En conclusion, on peut affirmer que s’il a été fait l’impasse, en Algérie, sur la réalisation de centres hospitalo-universitaires aux normes du XXe siècle, tout indique qu’il en sera de même pour le XXIe siècle. Il est à craindre que l’on réactive à minima un ou deux projets pour faire encore illusion, mais il est évident que les transferts de malades vers la France et d’autres pays se poursuivront pour les privilégiés du système et ceux qui en ont les moyens, pendant que le plus grand nombre devra se contenter, si possible, de garder espoir en attendant des jours meilleurs.

N. H.

  1. “Nous avons des CHU qui datent du XIXe siècle”, déclaration faite par M. Bounafaa, directeur général de l’AREES.

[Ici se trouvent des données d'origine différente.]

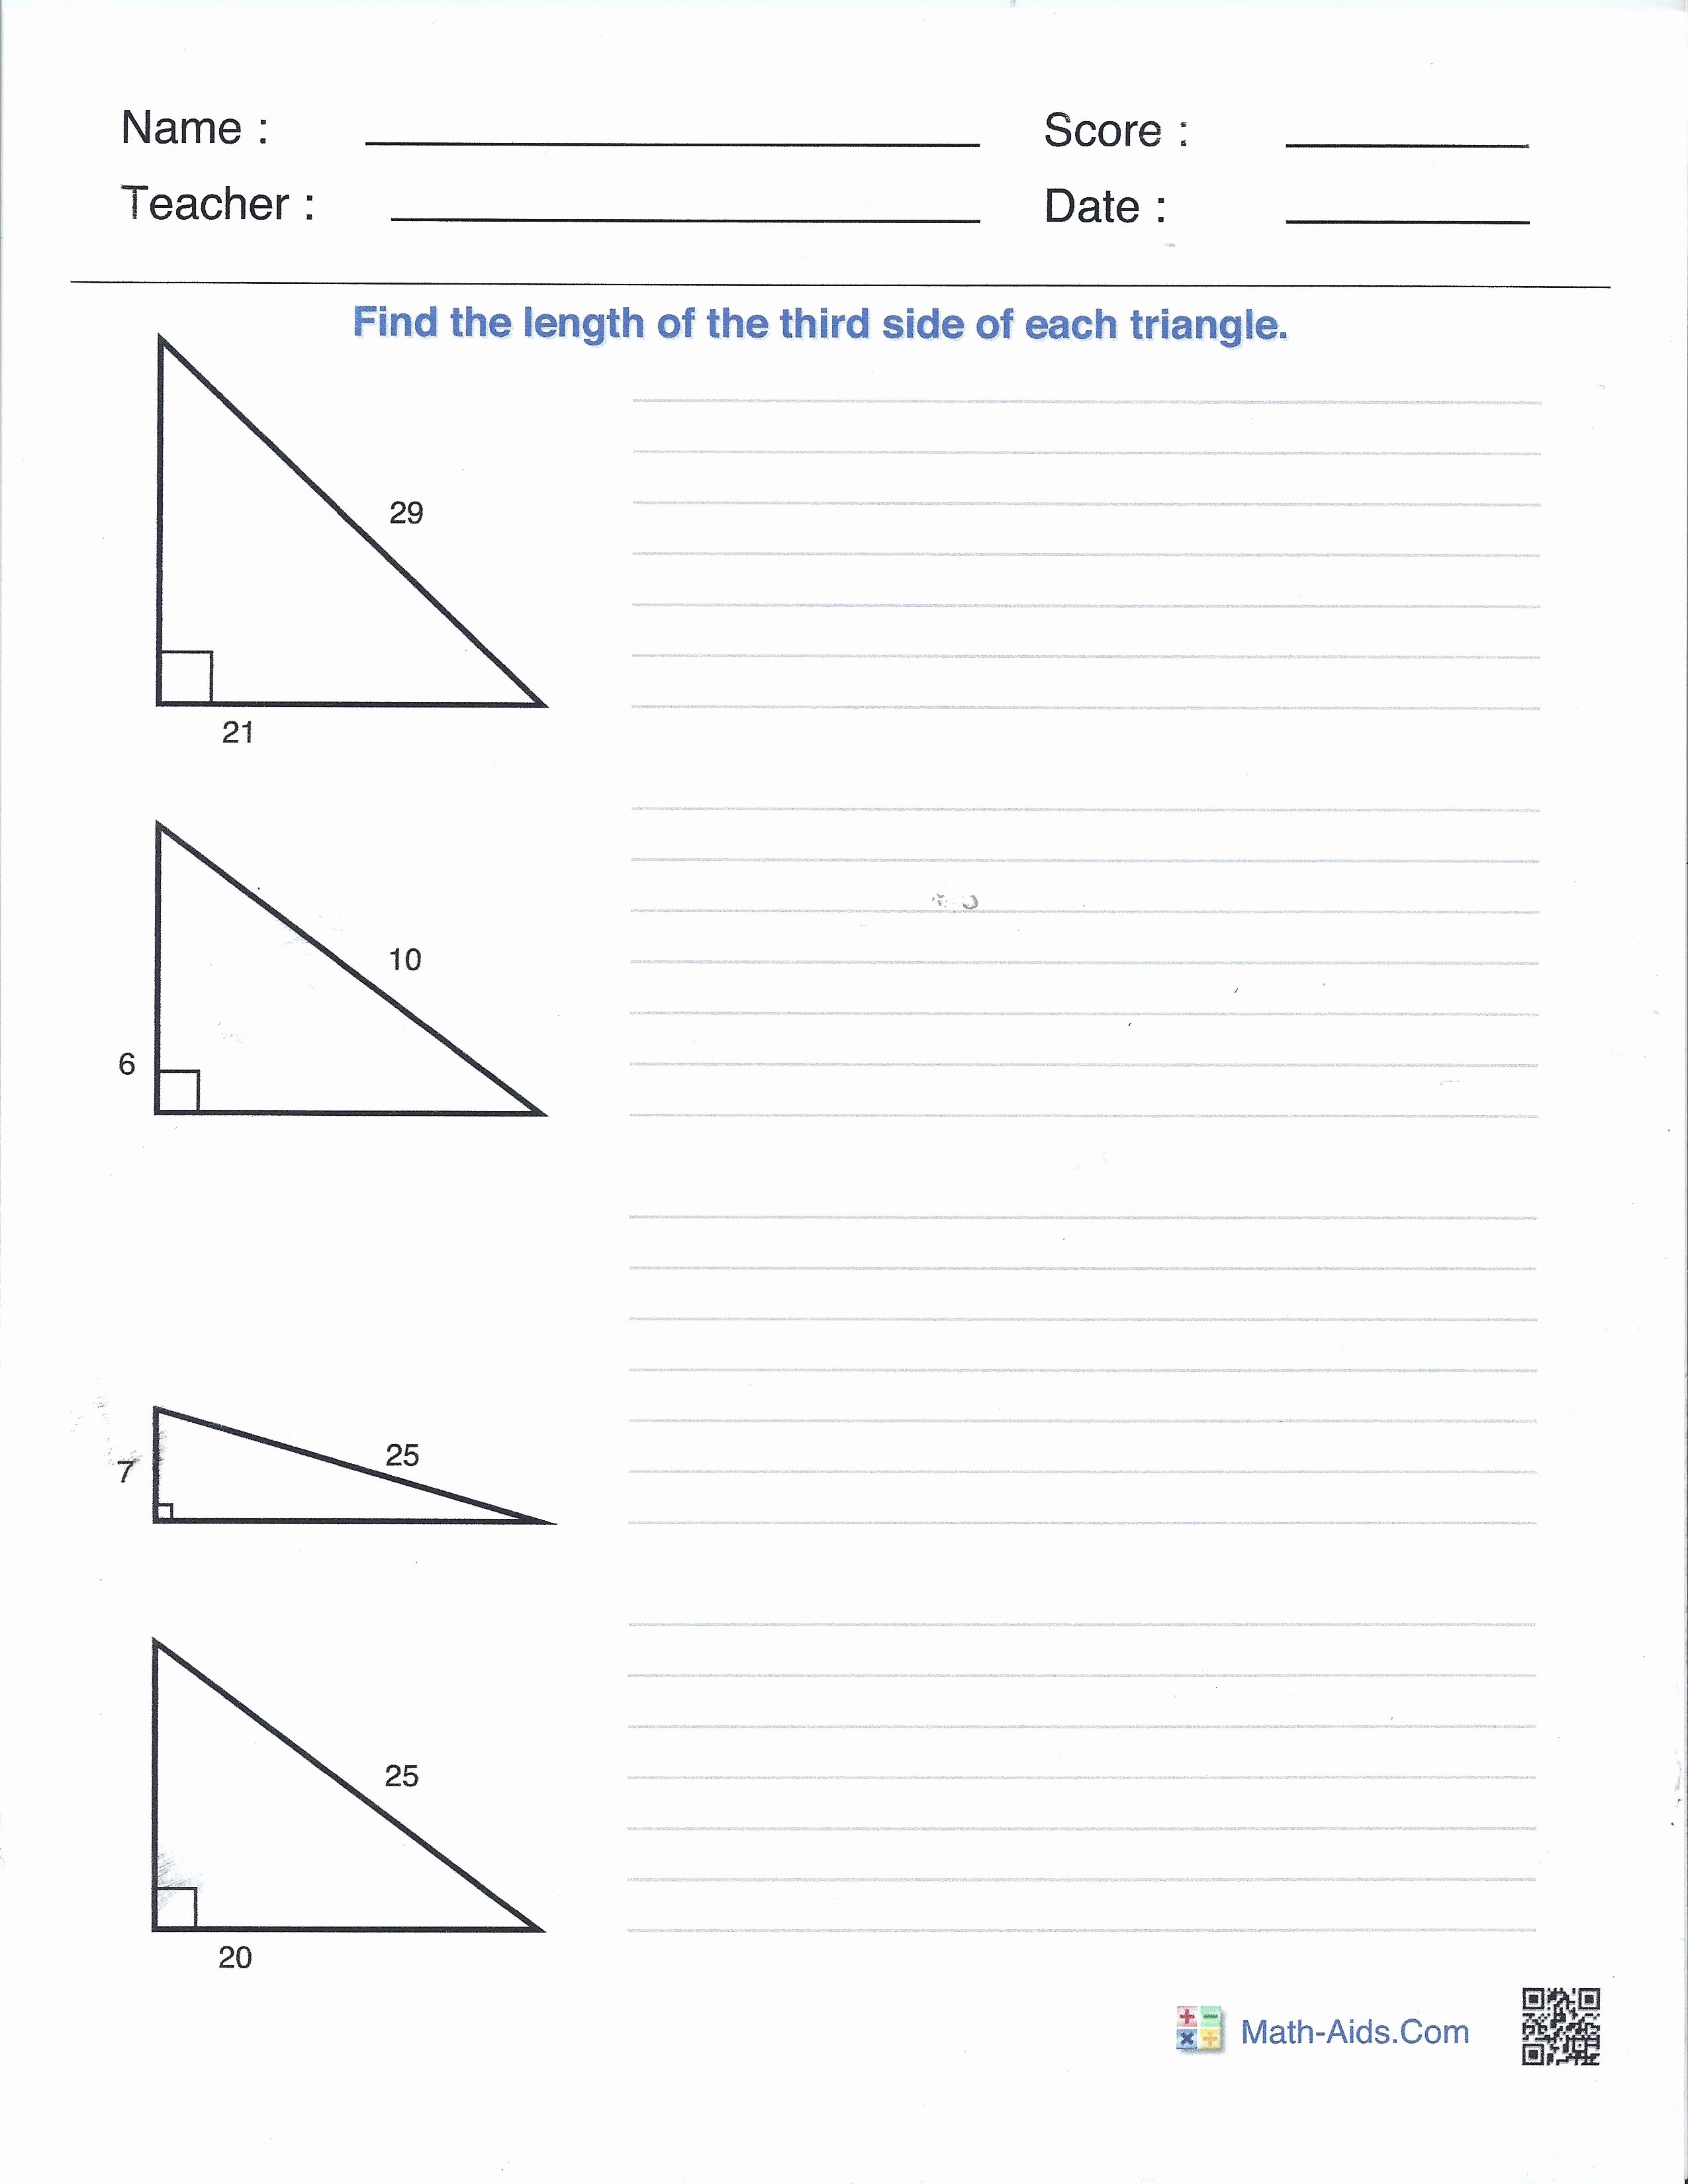 Pythagorean theorem Worksheet with Answers Inspirational Right Angles and the Pythagorean theorem

  2. Liberté 15-03-2015 : Le ministère de la Santé a débloqué la somme de 1 000 milliards de dinars destinés à la réhabilitation de 15 CHU et la construction de 5 autres.
  3. Salon international El-Moustachfa 2014 et 2015
  4. Quatre entreprises : Le groupement italien Rizzani de Eccher/hôpital San Raffaele ; Le groupement sud-coréen Daewoo Engineering & Construction/Heerim ; l’entreprise britannique International Hospitals Group (IHG) ;
  5. Le groupement franco-autrichien Bouygues Bâtiment International/Vamed Engineering/APH Paris.
  6. Tel le réseau européen d’évaluation des technologies de santé EUnetHTA, qui a débuté son travail en janvier 2006.